Despite the arrests of CPP Central Committee members in 1973, 1974, 1976 and 1977, the erstwhile skeletal regional Party organizations gained flesh and muscle from the growth of the armed revolutionary movement and the urban underground.

Second Great Rectification Movement

In the 10th plenum of the CPP, the party engaged in a "second rectification movement" that reviewed and corrected the errors that created havoc on the revolutionary movement for more than a decade since its founding in 1968.

Armando Liwanag, chairman of CPP, issued a document called "Reaffirm Our Basic Principles and Carry the Revolution Forward" that repudiated the deviations of leading party cadres in the country that resulted in the gravest setbacks and destruction to the Party and the revolutionary movement, first in one major island and subsequently on a nationwide scale.

The document states that these erroneous policies "have caused setbacks through a process of self-constriction and have inflicted unprecedentedly heavy losses in the strength of the Party and the people's army and gross reductions of mass base".

The criticism and debates that ensued between the leading party cadres resulted in the expulsion of advocates of "left and right opportunism", notably forming the so-called "rejectionists" and "reaffirmist" factions.

The rejectionists took the lines of "strategic counteroffensive", "regularization", and combining military adventurism with insurrectionism from 1980 onward that overlapped with the reaffirmists who uphold the "correct" revolutionary method of people's war.

The rectification movement was aimed to defeat the "wrong line" in a comprehensive and thoroughgoing manner and strengthen the party ideologically, politically and organizationally. Thus, the rectification movement came into force in 1992, especially after the Plenum of the Central Committee approved the rectification documents.

Splits and divisions 

Not all CPP cadres abided by the "Reaffirm" document penned by Liwanag. Those who affirmed the Maoist orthodoxy were called the "Reaffirmists", or RA, while those who rejected the document were called "Rejectionists" or RJ. In July 1993, the Komiteng Rehiyon ng Manila-Rizal (KRMR), one of the Rejectionists, declared its autonomy from the central leadership:

Within a few months, several of the Party's regional formations and bureaus followed suit: Central Mindanao, Western Mindanao, Negros and Central Visayas, the Visayas Commission (VisCom) staff and New People's Army units under its control, the National Peasant Secretariat, the United Front Commission and the Home Bureau and Western Europe committee.

The KRMR, VisCom and the Central and Western Mindanao regional committees later merged to form the Rebolusyonaryong Partido ng Manggagawa – Pilipinas (RPM-P) in 1998. However, the Mindanao-based cadres later left the RPM-P after a debate regarding the RPM-P's signing of a peace pact with the government then led by Joseph Estrada.
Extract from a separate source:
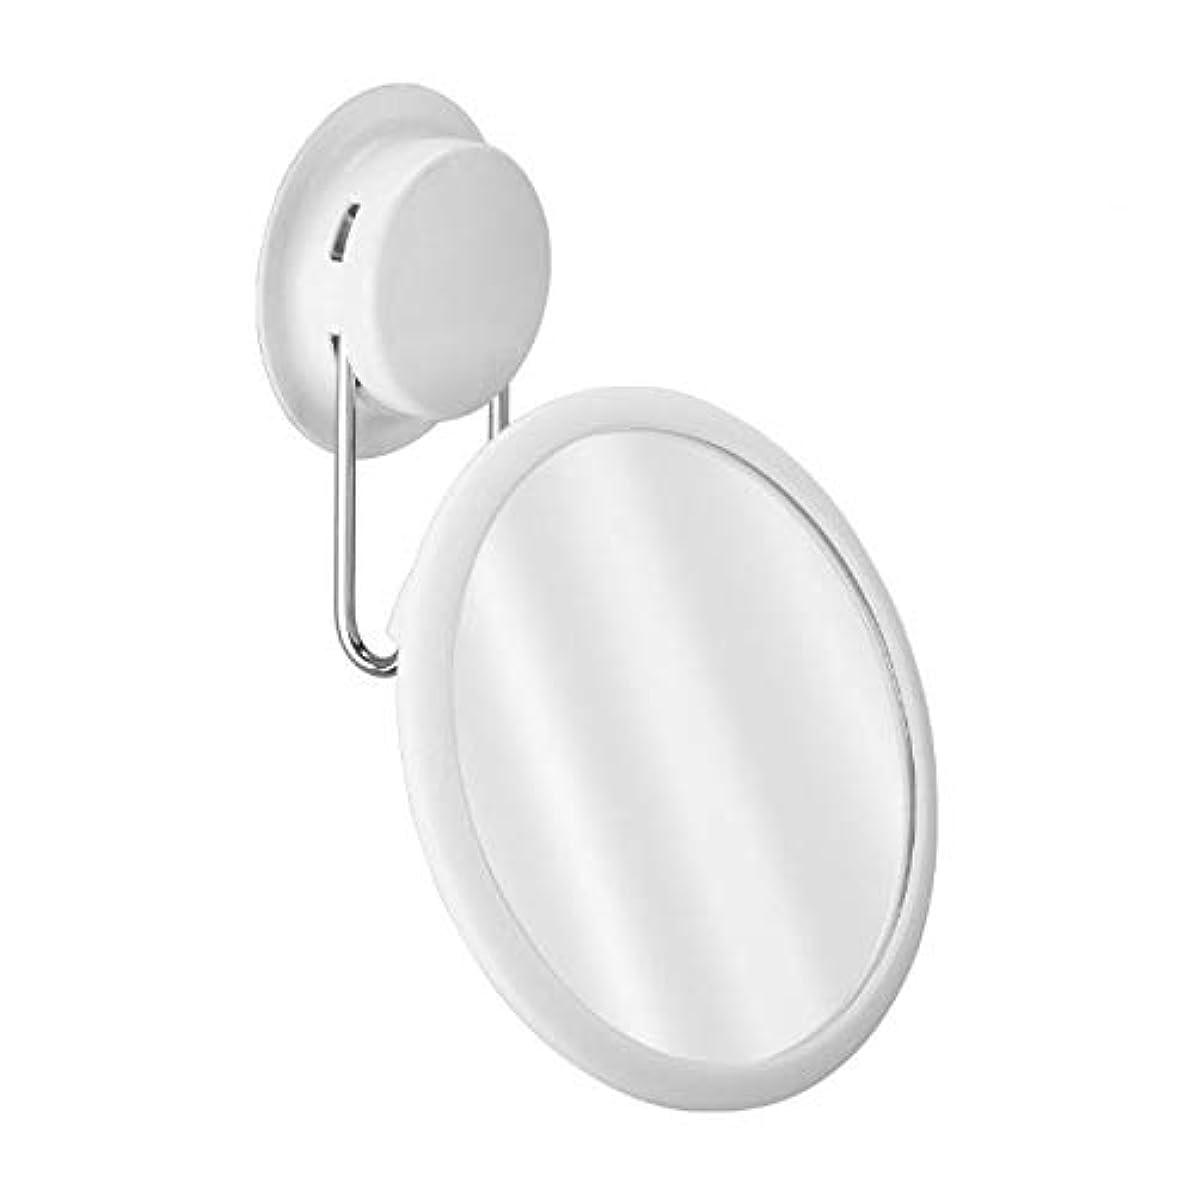 不条理仮説調和化粧鏡、強力な吸盤ラック無料パンチ浴室洗面化粧台ミラー化粧ギフト

Those cadres then formed the Rebolusyonaryong Partido ng Manggagawa – Mindanao (RPM-M) which joined the Fourth International in 2003.
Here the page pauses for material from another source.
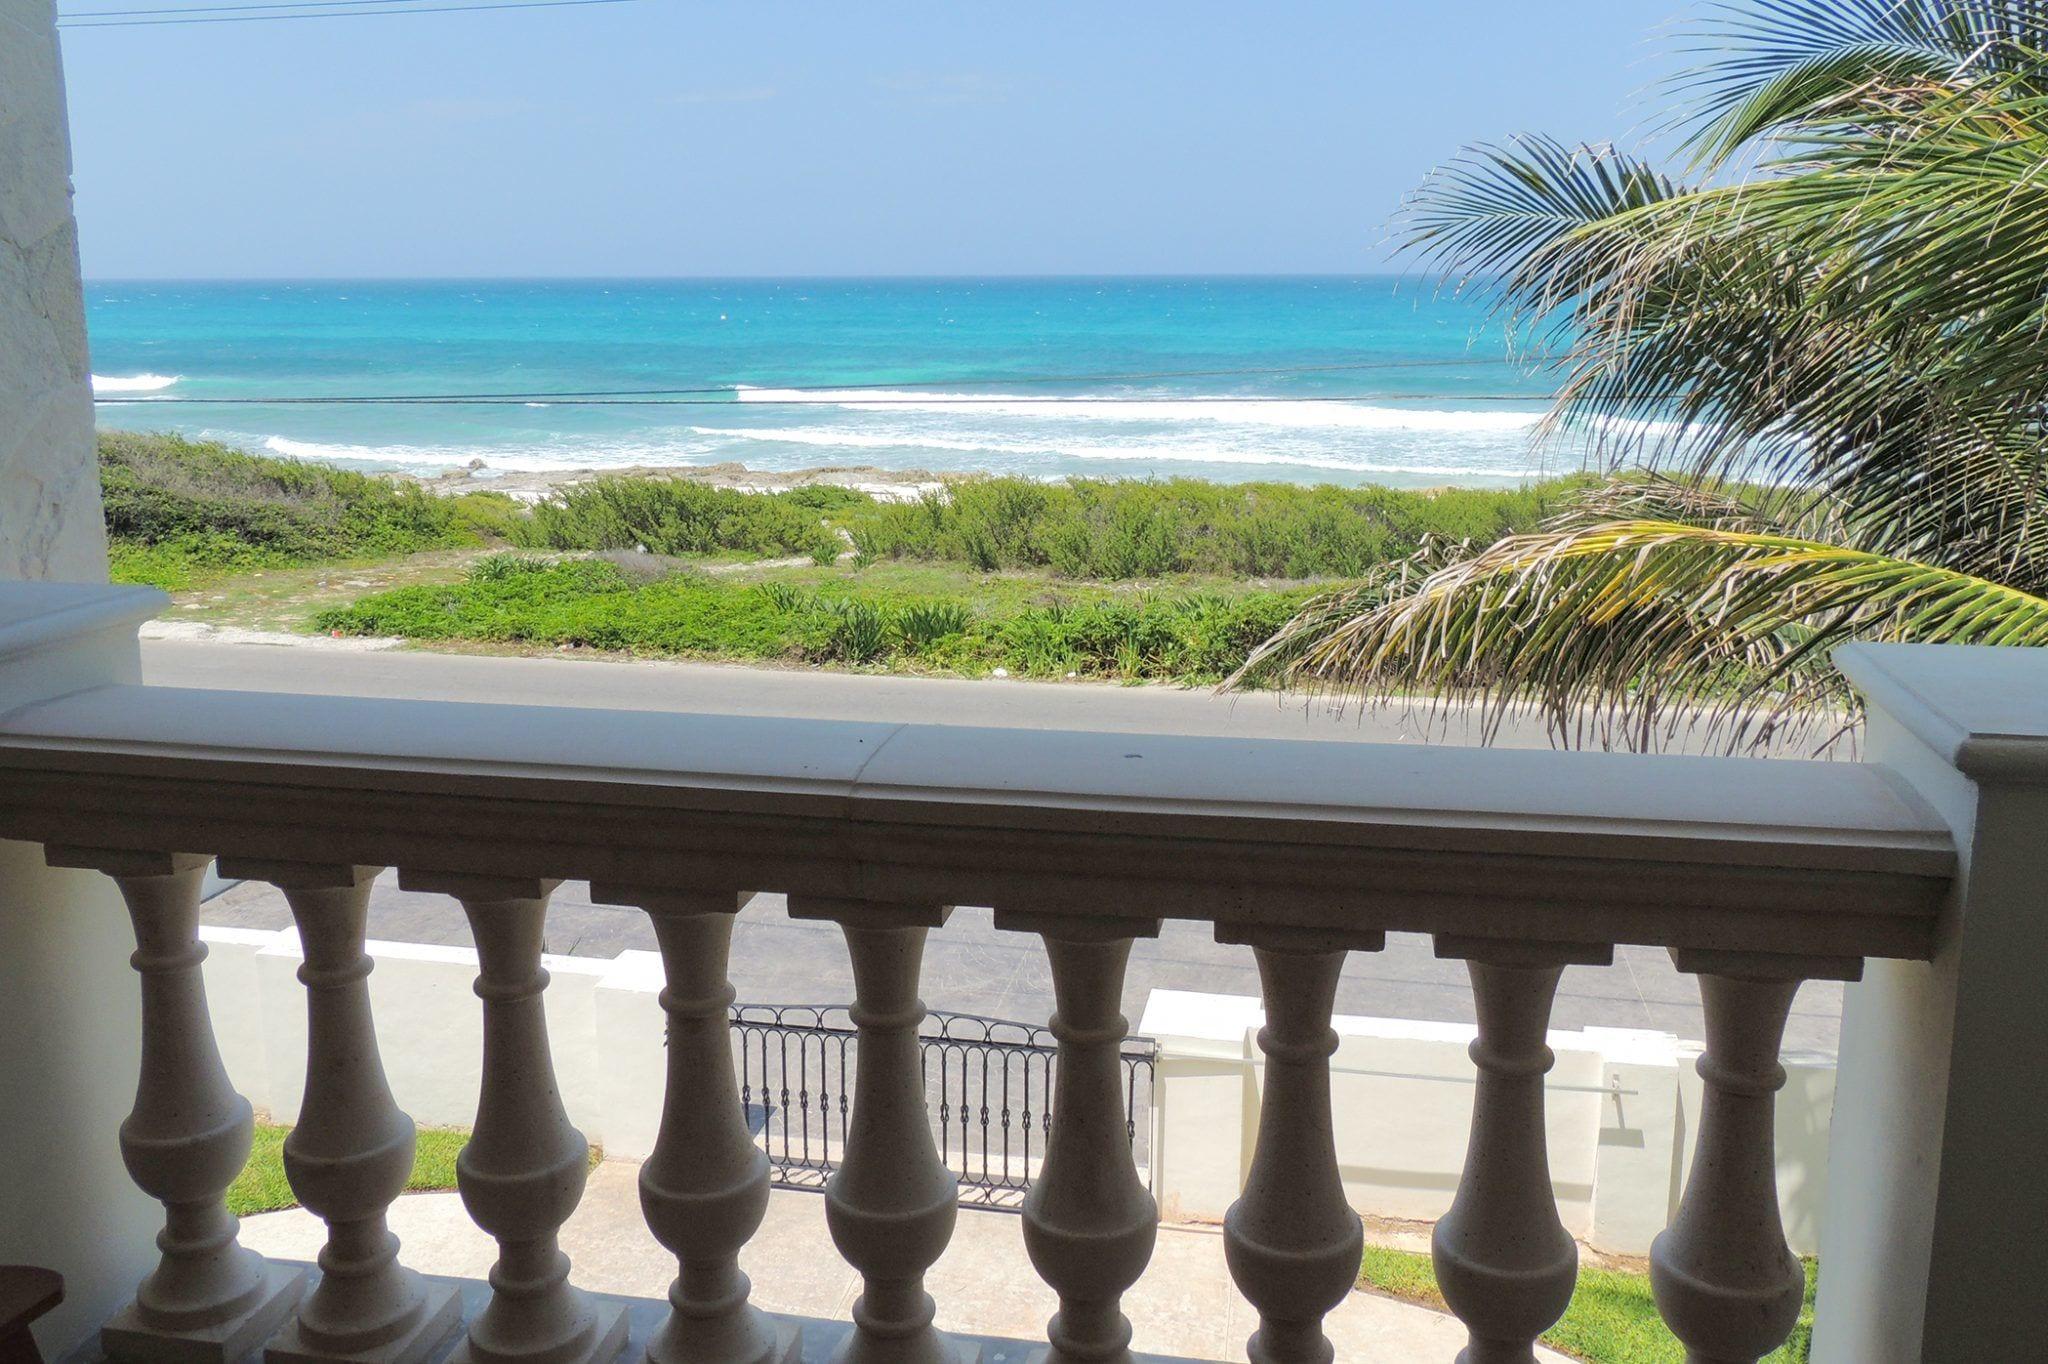 Casita B - Suite 1 - Ocean View

The KRMR faction led by Filemon Lagman was earlier expelled from the RPM-P due to his "liquidationist" attitude and refusal to help in Party preparations and functions. He then formed the Partido ng Manggagawang Pilipino (PMP), however his closest associates, led by Sonny Melencio, bolted to form the legal political party Sosyalistang Partido ng Paggawa (SPP) in 1998.

The United Front Commission cadres formed the Partido Proletaryo Demokratiko (PPD) which then merged with Lagman's PMP and Melencio's SPP to give rise to the Partido ng Manggagawang Pilipino-Pinagsanib (PMP-Pinagsanib). But in 2007 another reported split occurred due to the rift between Lagman and Melencio supporters.

In 1997 several cadres from the Central Luzon committee were accused of sowing factionalism and "civilianization" of the NPA units. These cadres earlier supported the "Reaffirm" document by CPP Chairman Armando Liwanag and tried appealing for the Chairman's support. This did not materialize though, and the cadres formed the Marxist–Leninist Party of the Philippines (MLPP) and organized the armed wing Rebolusyonaryong Hukbo ng Bayan (RHB). The MLPP-RHB maintains the national-democratic framework of social analysis by the CPP, although slightly modified. They also maintain the strategy of people's war, but are more akin to Vietnamese and Nepalese revolutionary strategies.

Designation as a terrorist organization
In December 2017, President Rodrigo Duterte issued a proclamation declaring the Communist Party of the Philippines (CPP) and its armed wing, the New People's Army (NPA), as terrorist organizations. The proclamation was made in accordance with the Human Security Act and the Terrorism Financing Prevention and Suppression Act. However, the CPP-NPA has not yet been legally declared as a terrorist group by Philippine courts.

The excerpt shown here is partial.